Teratomas are benign tumors containing cells from each of the three germ layers, and are considered by the FDA to be one of the biggest obstacles to stem cell–based medicine. Before implantation, stem cells are guided to differentiate into the type of cell required for treatment. But since differentiation is a process that is never truly complete, the implanted cells contain a mixture of cells. When this mixture is implanted, it can lead to the formation of teratomas.

Yang Xu, a biology professor at UCSD, led a team of researchers to try to solve this problem. What they found evidence that the prevention of these tumors is possible.

“To eliminate the residue of undifferentiated embryonic stem cells during the differentiation, it is important to elucidate the pathways that are important to maintain the self-renewal of embryonic stem cells,” Xu told BioTechniques. “This is exactly what we did.”
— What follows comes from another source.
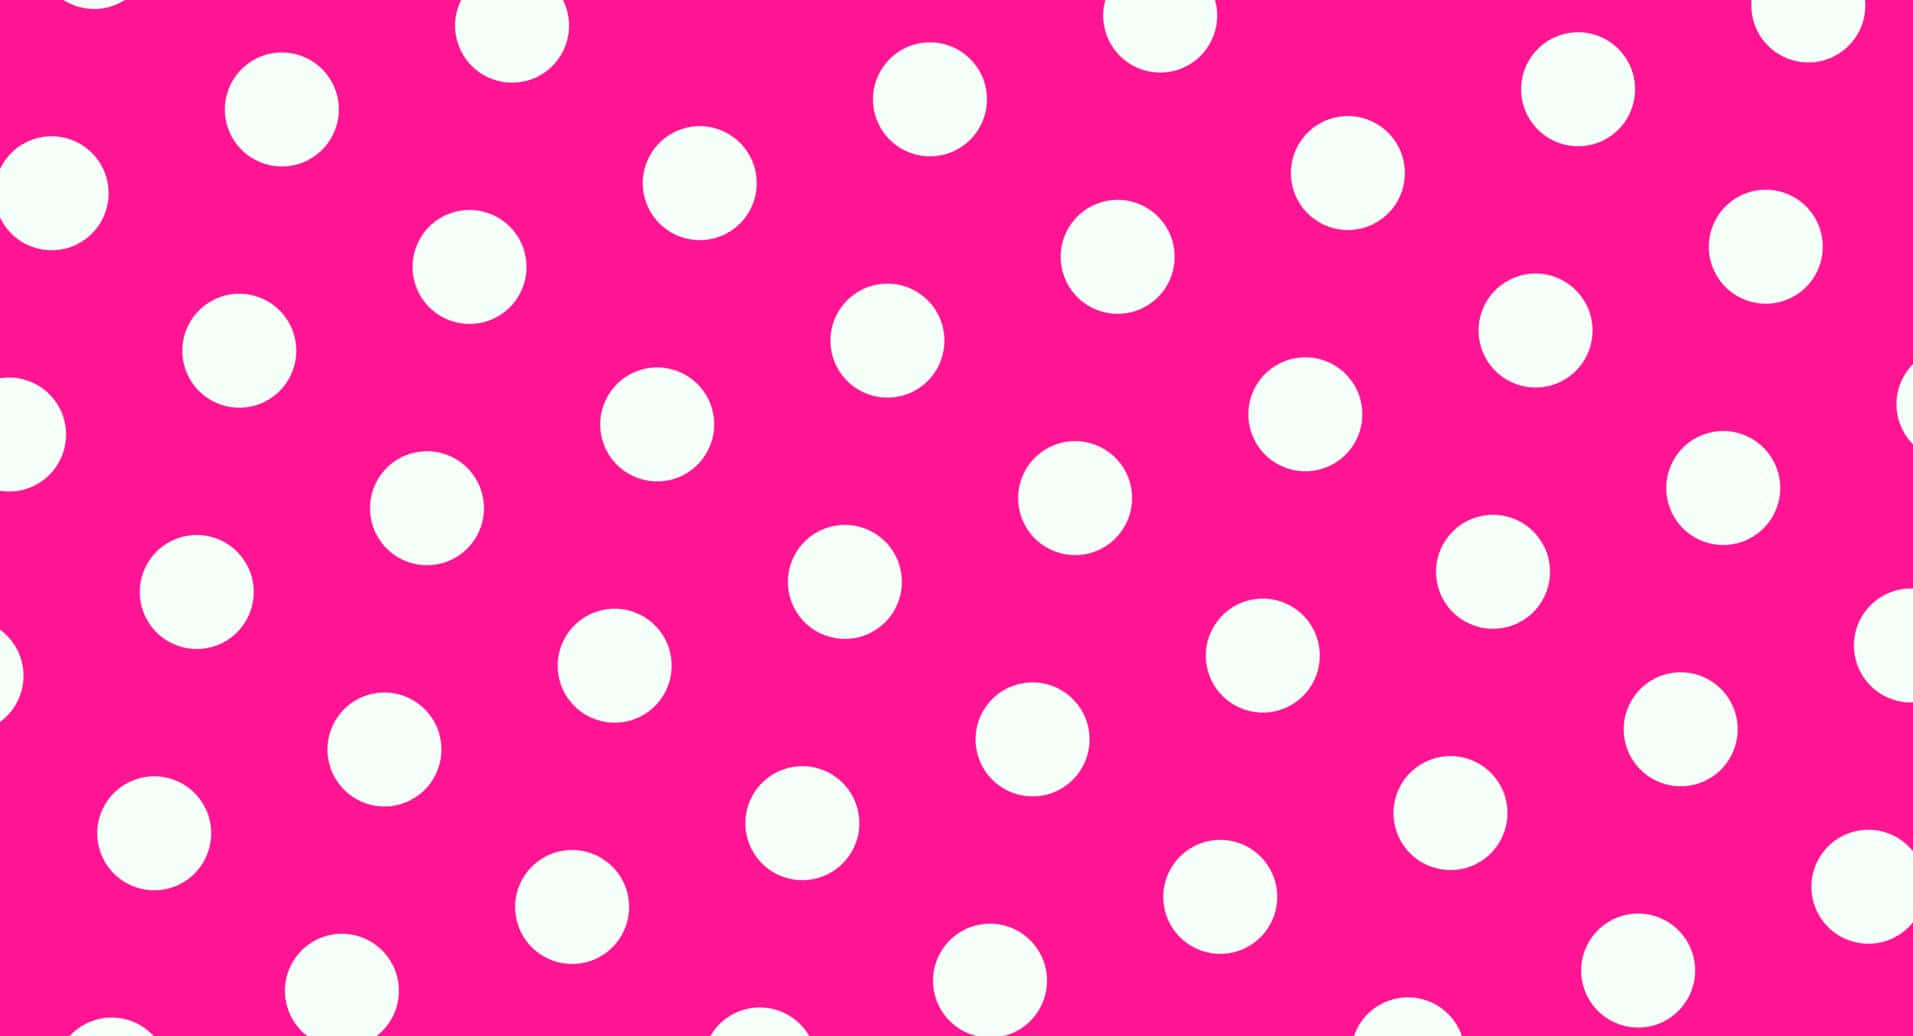 Gør dig klar til eventyret fra dine drømme med denne sjove og boblende pink og hvid polka dot mønster! Wallpaper

Low magnification micrograph of a mature teratoma. H&E stain. Products of all three germ layers are seen in the image. Source: Wikipedia Create Commons

The team identified a new signaling pathway that the undifferentiated cells use for propagation, which depends upon the phosphorylation of the transcription factor Nanog; this is crucial for cell replication. But by inhibiting this pathway with small-molecule compounds, they were able to see a stark difference in the resulting teratomas.

“There was a 70% reduction in mass,” said Xu, “and more importantly, the elimination of the self-renewing stem cells in the teratomas.”
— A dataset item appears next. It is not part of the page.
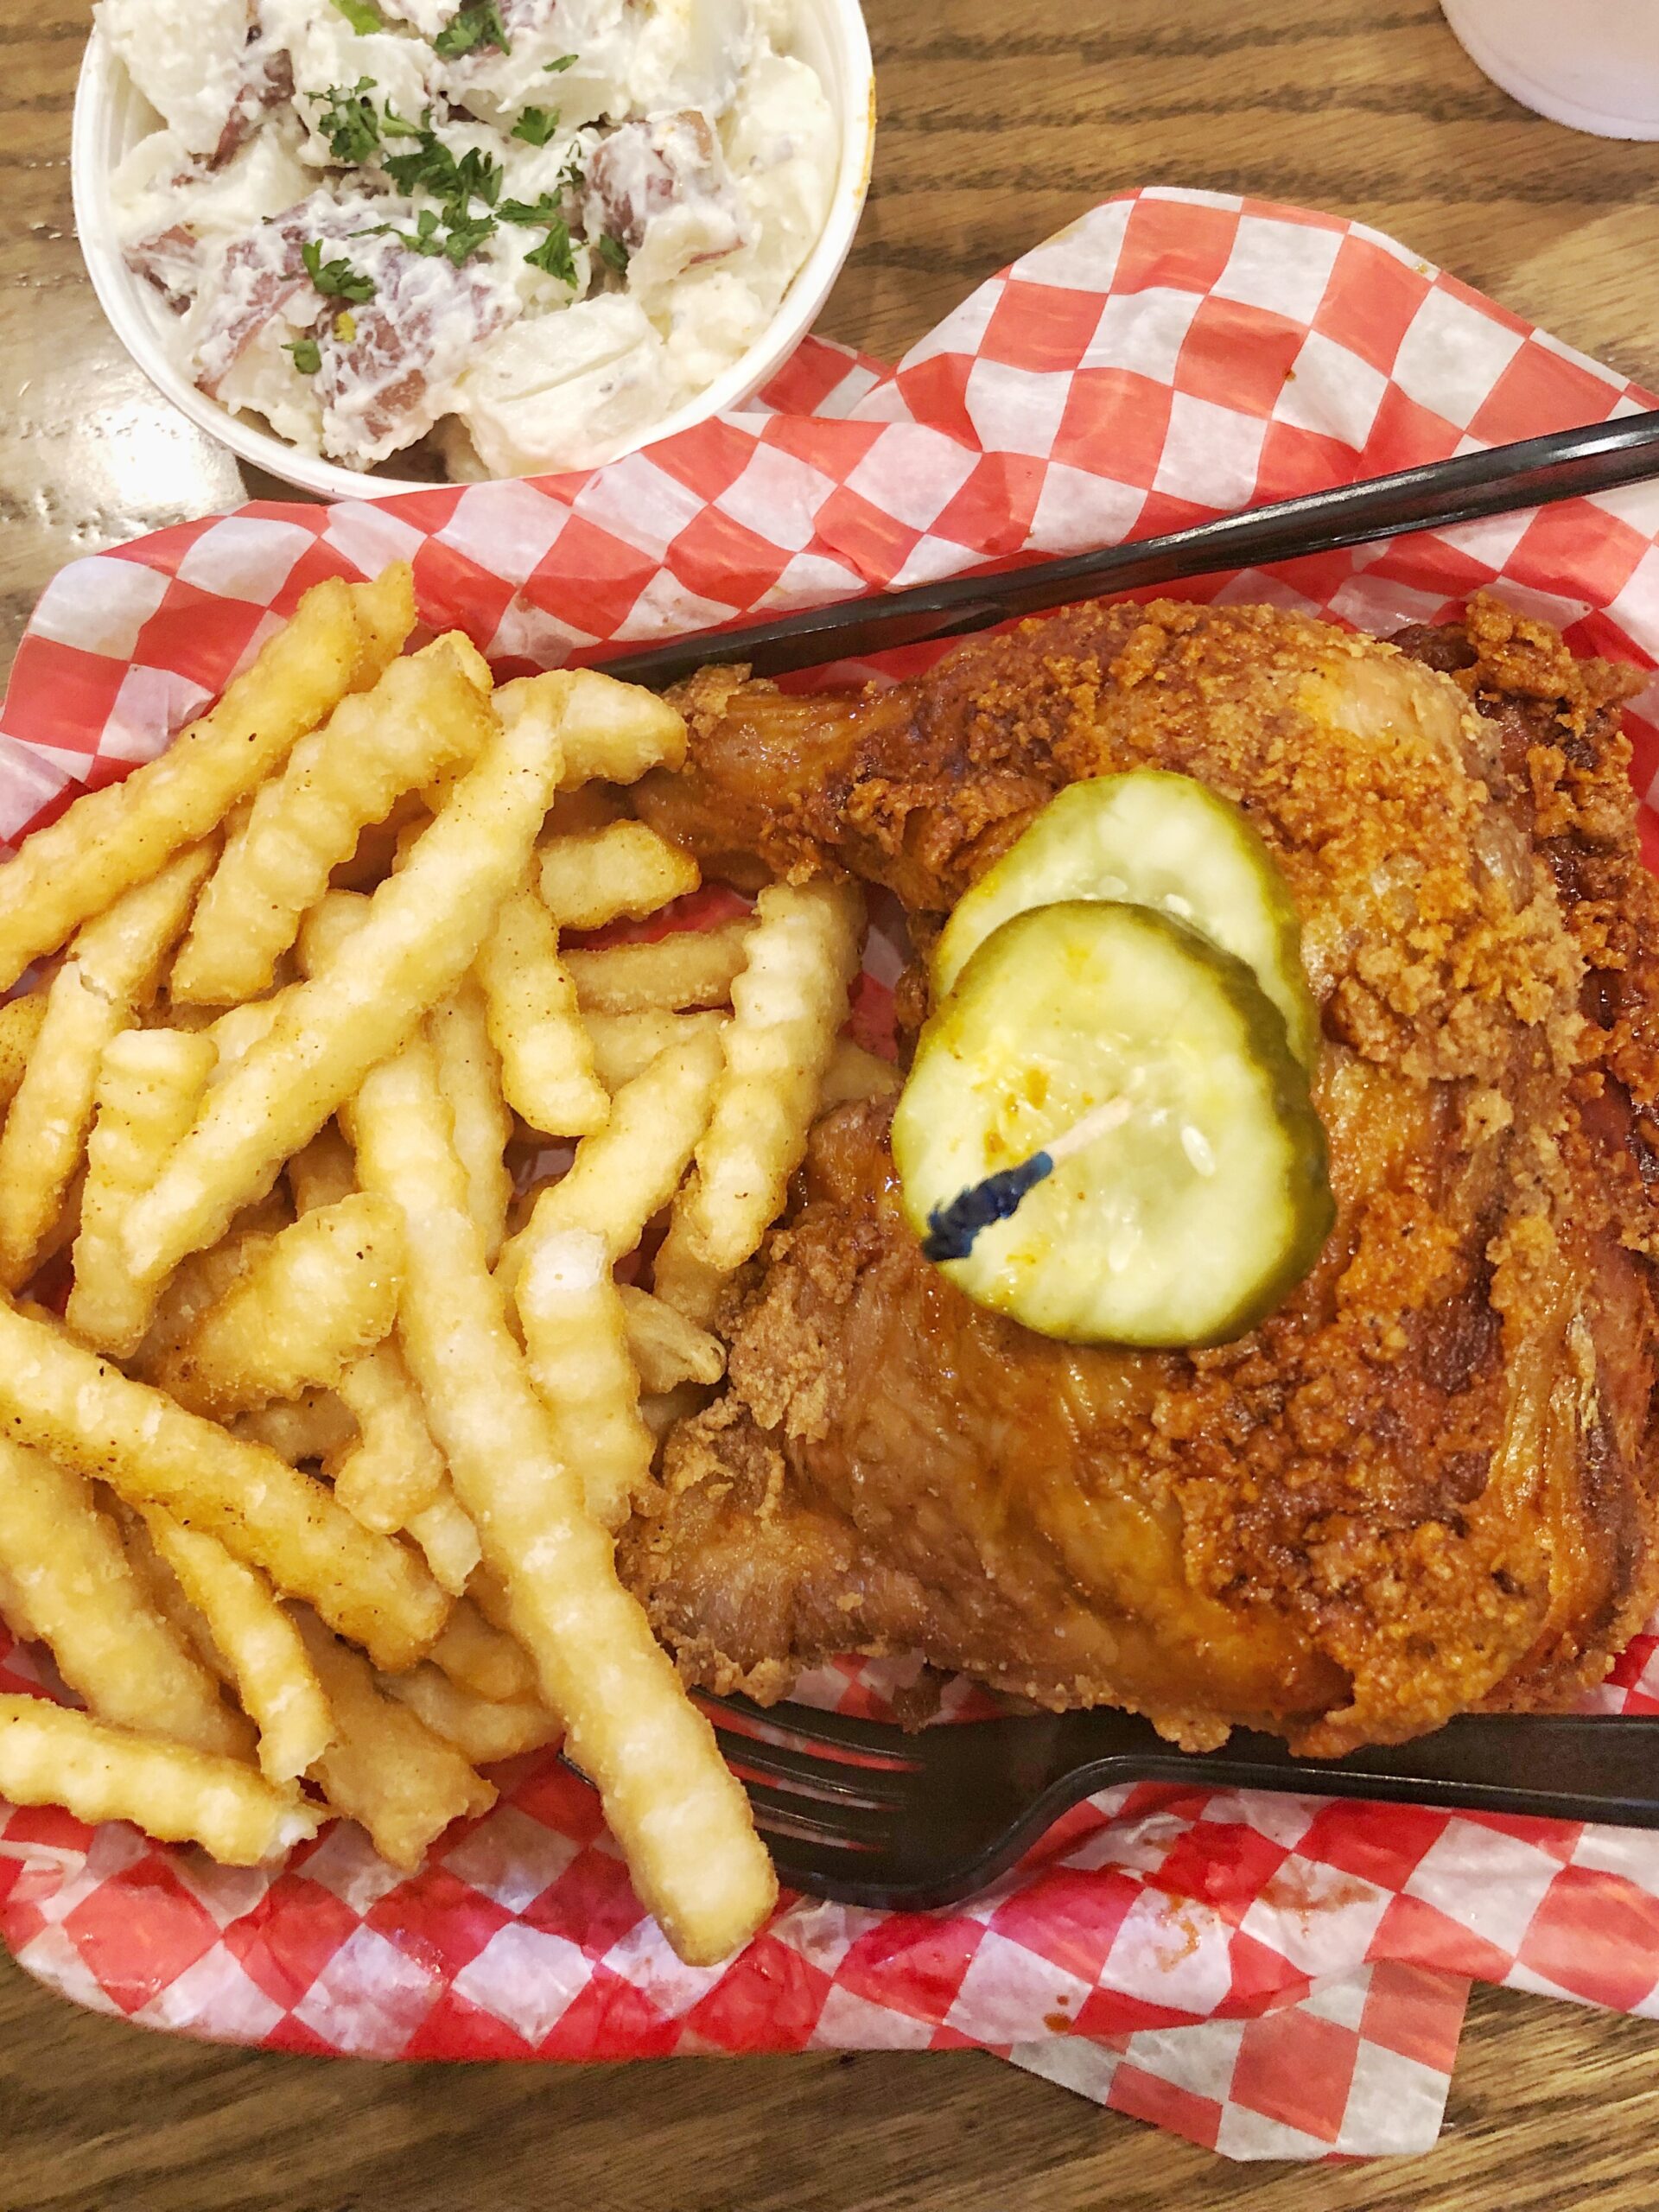 The best local restaurants in Nashville, TN - Hattie B's hot chicken, potato salad, and French fries

At this point, said Xu, he considers the team’s work to be a proo-of-concept. However, he hopes that through more testing and the discovery of new pathways, teratomas can be eliminated completely from stem cell–based therapies, making them safer for use in human disease applications.

The paper, “Phosphorylation stabilizes Nanog by promoting its interaction with Pin1,” was published on the PNAS website on July 6.